There is also phpdoc generated documentation in the docs directory.

Installation Instructions

Check out the archive into the root directory of your project. This should be the same folder as the 'framework' directory.

Via Git: git submodule add https://github.com/Instagraeme/silverstripe-lucene lucene

This will create a directory called 'lucene' containing the plugin files.

You will need to have the 'Queued Jobs' module installed in order to use Lucene:

Via Git: git submodule add https://github.com/nyeholt/silverstripe-queuedjobs queuedjobs

To get queued jobs to run, you also need to add $_FILE_TO_URL_MAPPING to your _ss_environment.php file as described in the SilverStripe docs:

http://doc.silverstripe.org/sapphire/en/topics/commandline

Run /dev/build?flush=1 to tell your SilverStripe about your new module, and your new search engine is installed! (You still need to enable it - see below.)

Third-Party Utility Installation

To enable pdf scanning using the pdftotext utility on Linux, ensure that the command-line utility is installed. If you are using Debian or Ubuntu, either of the poppler-utils or xpdf-utils packages will provide this utility:

apt-get install poppler-utils

If you are on another Linux, Mac OS X, or Windows, the Xpdf program includes pdftotext:

http://www.foolabs.com/xpdf/

If you do not have the pdftotext utility installed, Lucene will use the PHP-based PDF2Text class by Joeri Stegeman instead. However, this class is limited in it's ability compared to pdftotext.

Word, Excel and Powerpoint scanning all require the 'zip' PHP module to be installed. If you don't have it, newer docx, xlsx and pptx documents won't be scanned.

To get scanning of older doc, xls and ppt documents working, you need to install the catdoc command-line utility. There are Windows and Mac OS X ports also.

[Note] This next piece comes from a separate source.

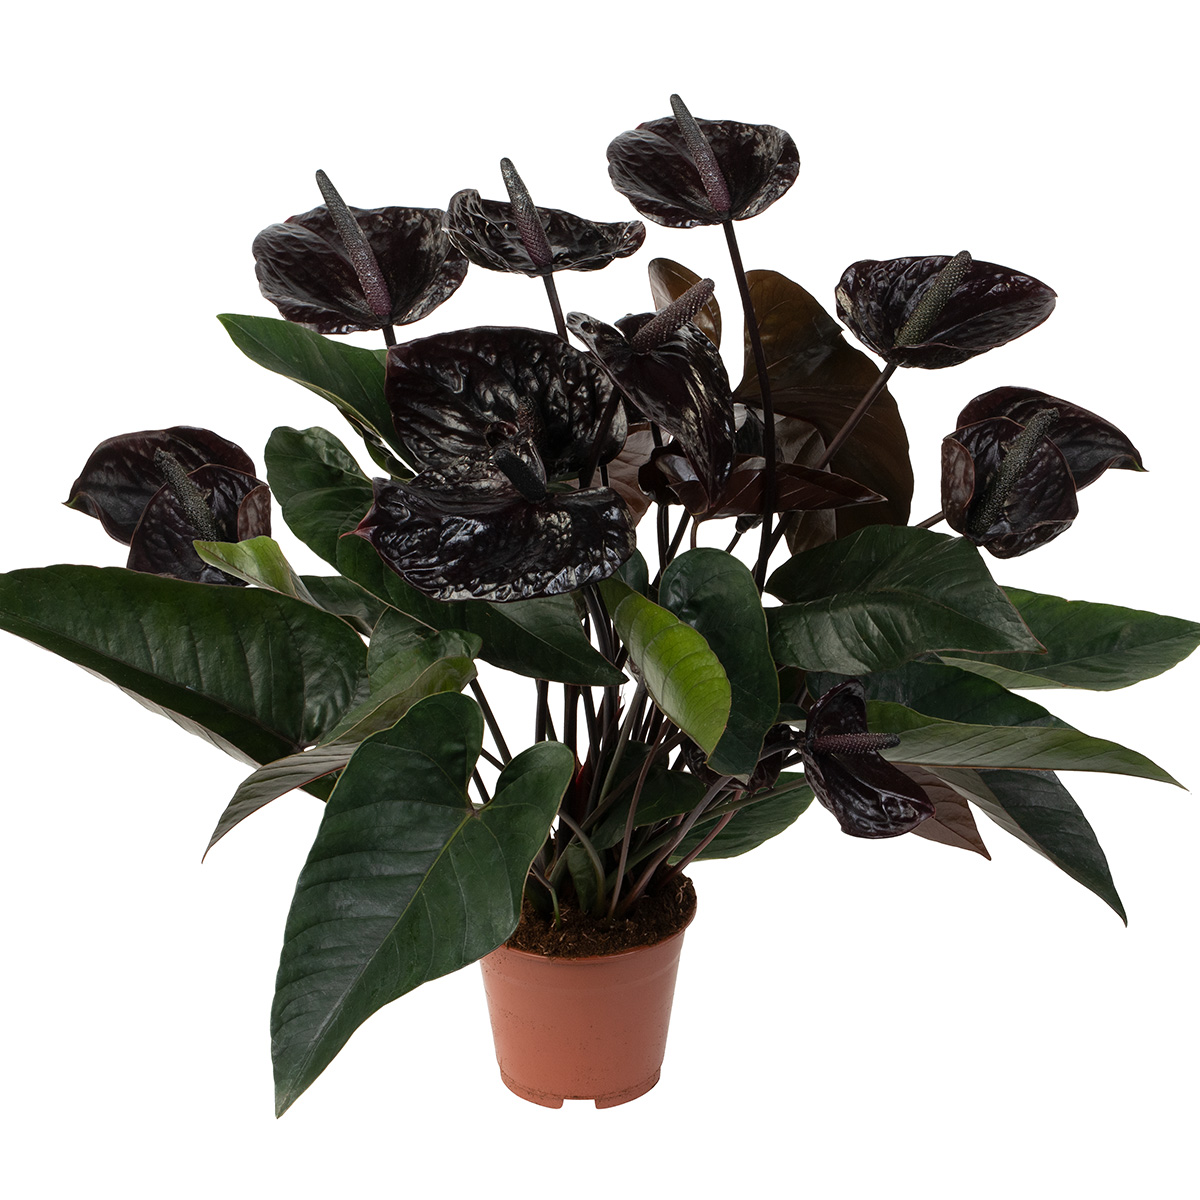 Dümmen Orange - Breeding Anthurium black winner

http://wagner.pp.ru/~vitus/software/catdoc/ http://blog.brush.co.nz/2009/09/catdoc-windows/ http://catdoc.darwinports.com/

Quick Start

If you just want to get up and running as quickly as possible with your Lucene search engine, install it as per above, and then add the following line to your project's _config.php file:

ZendSearchLuceneSearchable::enable();

If you're using the Black Candy theme, or another theme that supports the standard SilverStripe Fulltext Search, your search will now run using Lucene, indexing all Pages and indexable Files (PDF, Word, Excel, Powerpoint and HTML).

To get the most out of your new search engine, continue reading.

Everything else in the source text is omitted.